WHAT TO DO =
Pictures are not part of the copy; reproduce the remaining data exactly.

STORED DATA =

• • • • •

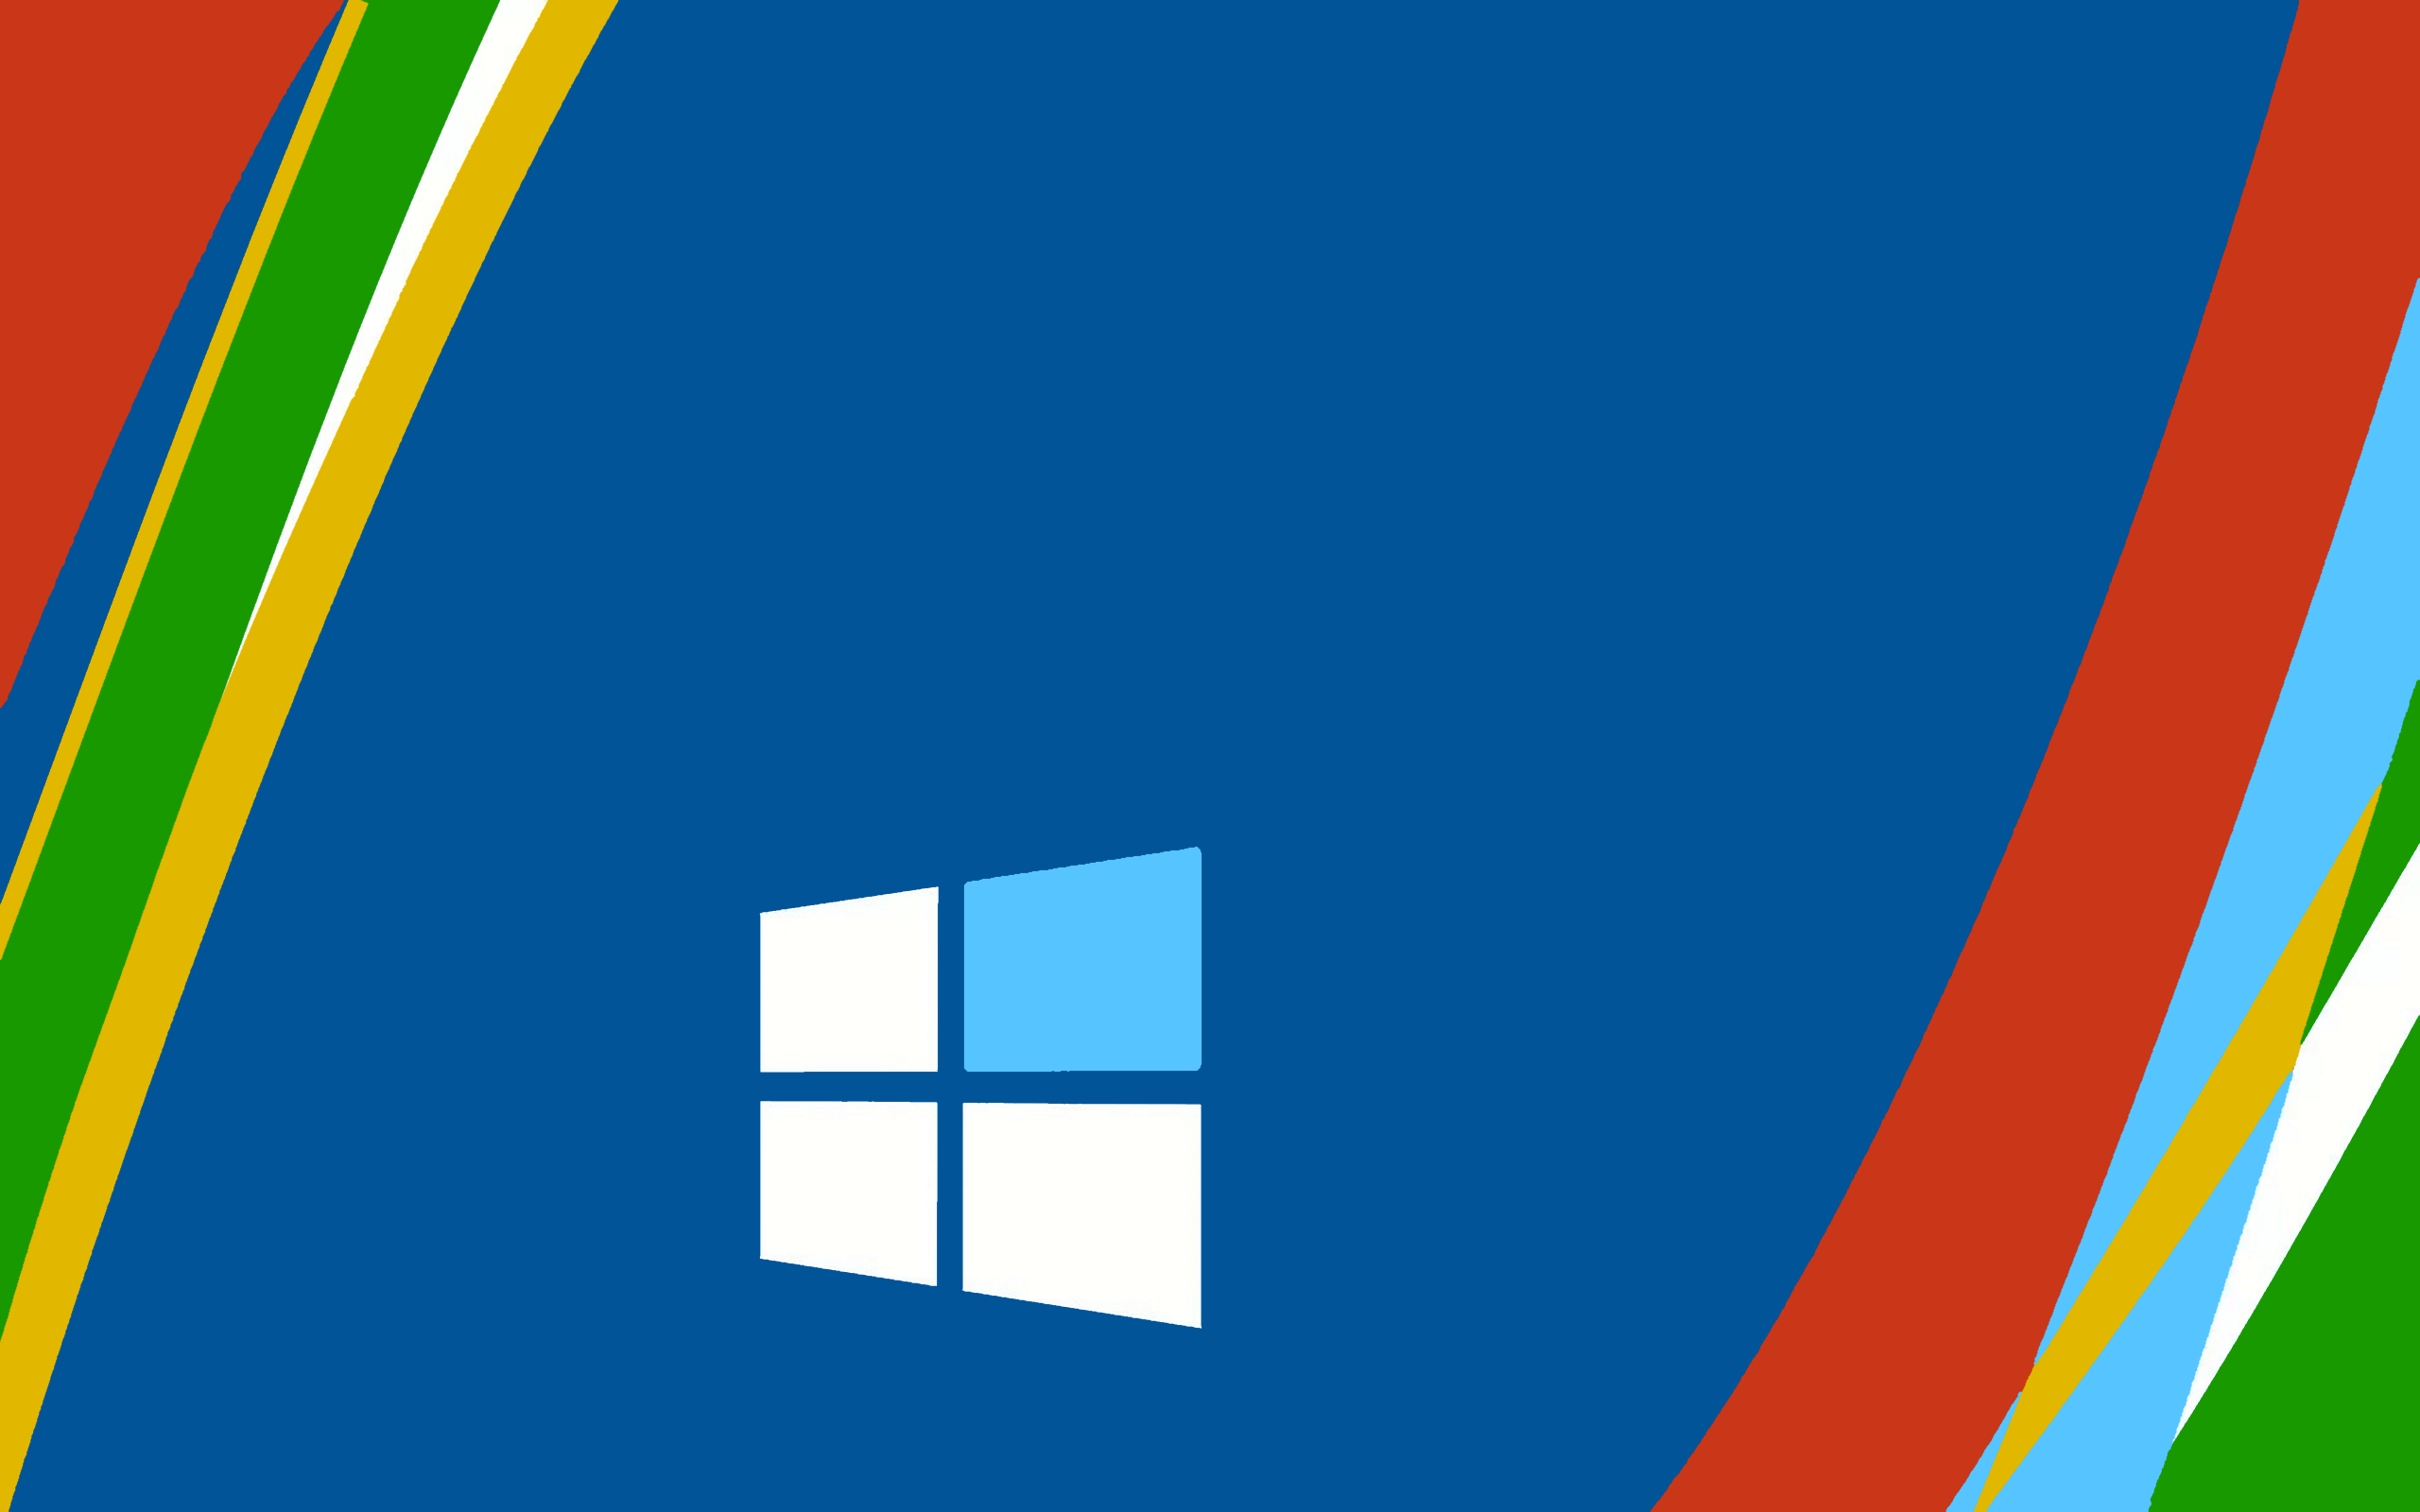 Windows 10 Pro Wallpaper Hd 19x1080
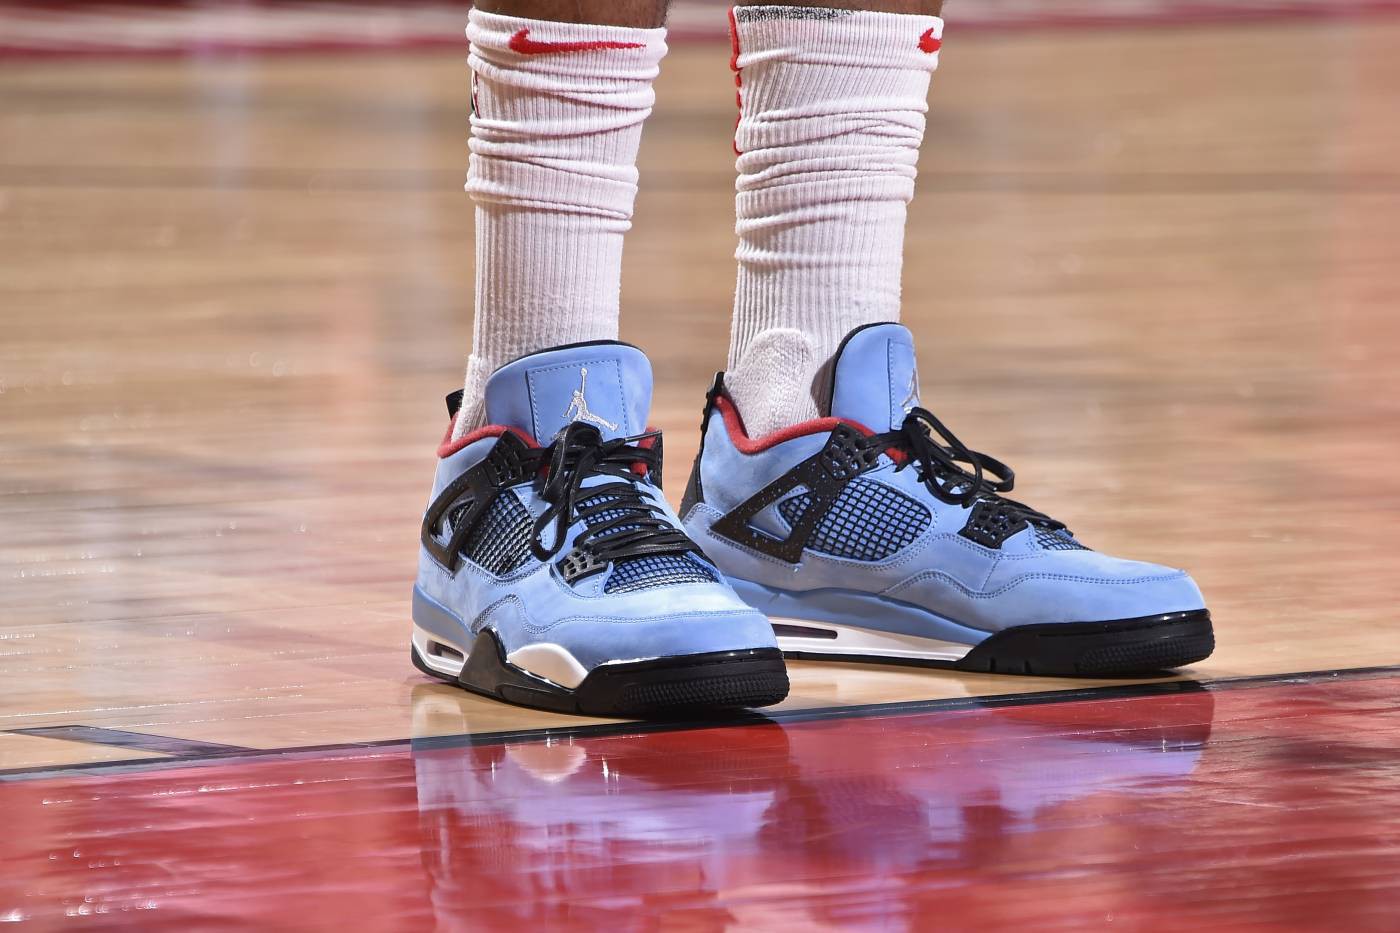 Chi tiết và đầy đủ các mẫu giày khủng của Thánh giày P.J. Tucker tại NBA Playoffs 2018 (kỳ 1) - Ảnh 1.
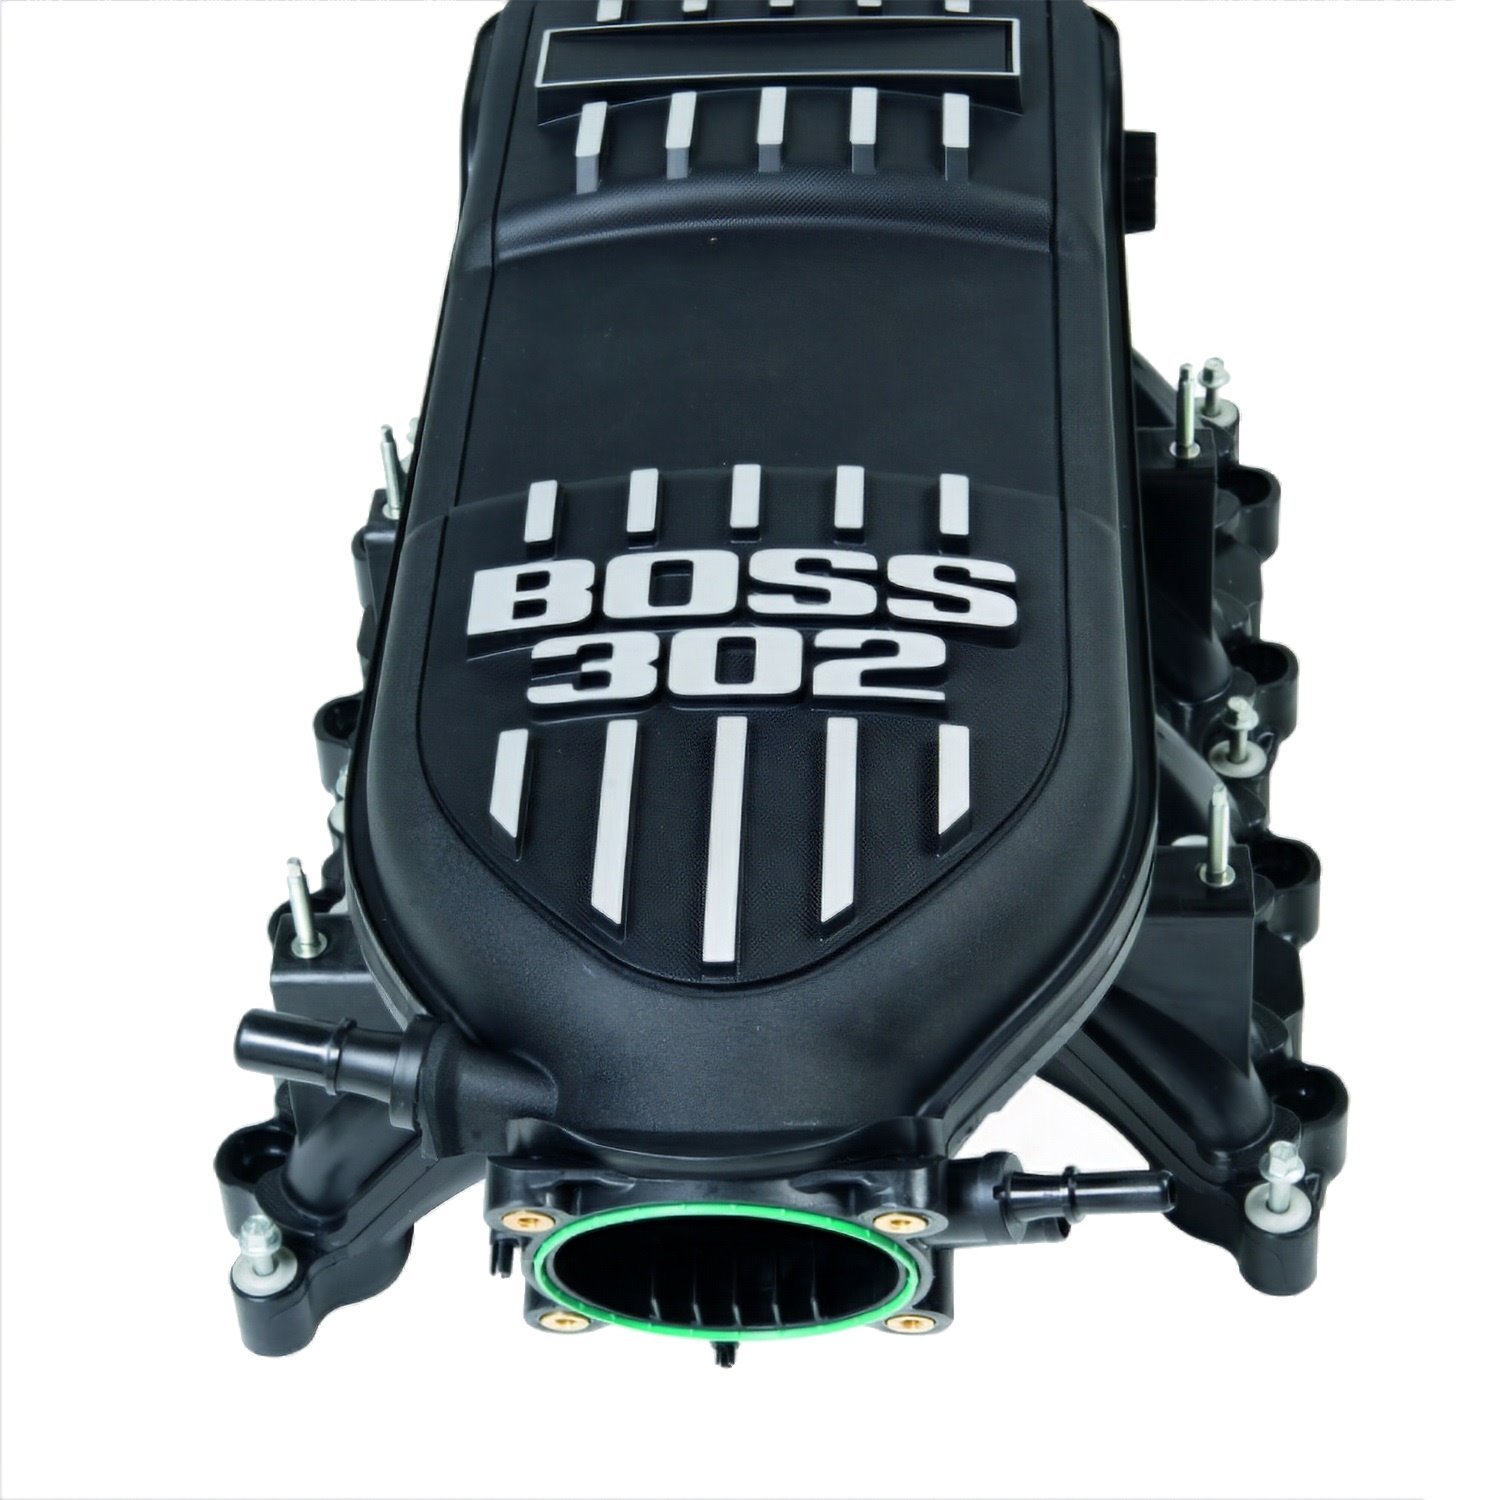 Boss 302 Intake Manifold 2011-14 Mustang 5.0L 4V

• • • • •

SOLVED EXERCISE =
 Windows 10 Pro Wallpaper Hd 19x1080
 Chi tiết và đầy đủ các mẫu giày khủng của Thánh giày P.J. Tucker tại NBA Playoffs 2018 (kỳ 1) - Ảnh 1.
 Boss 302 Intake Manifold 2011-14 Mustang 5.0L 4V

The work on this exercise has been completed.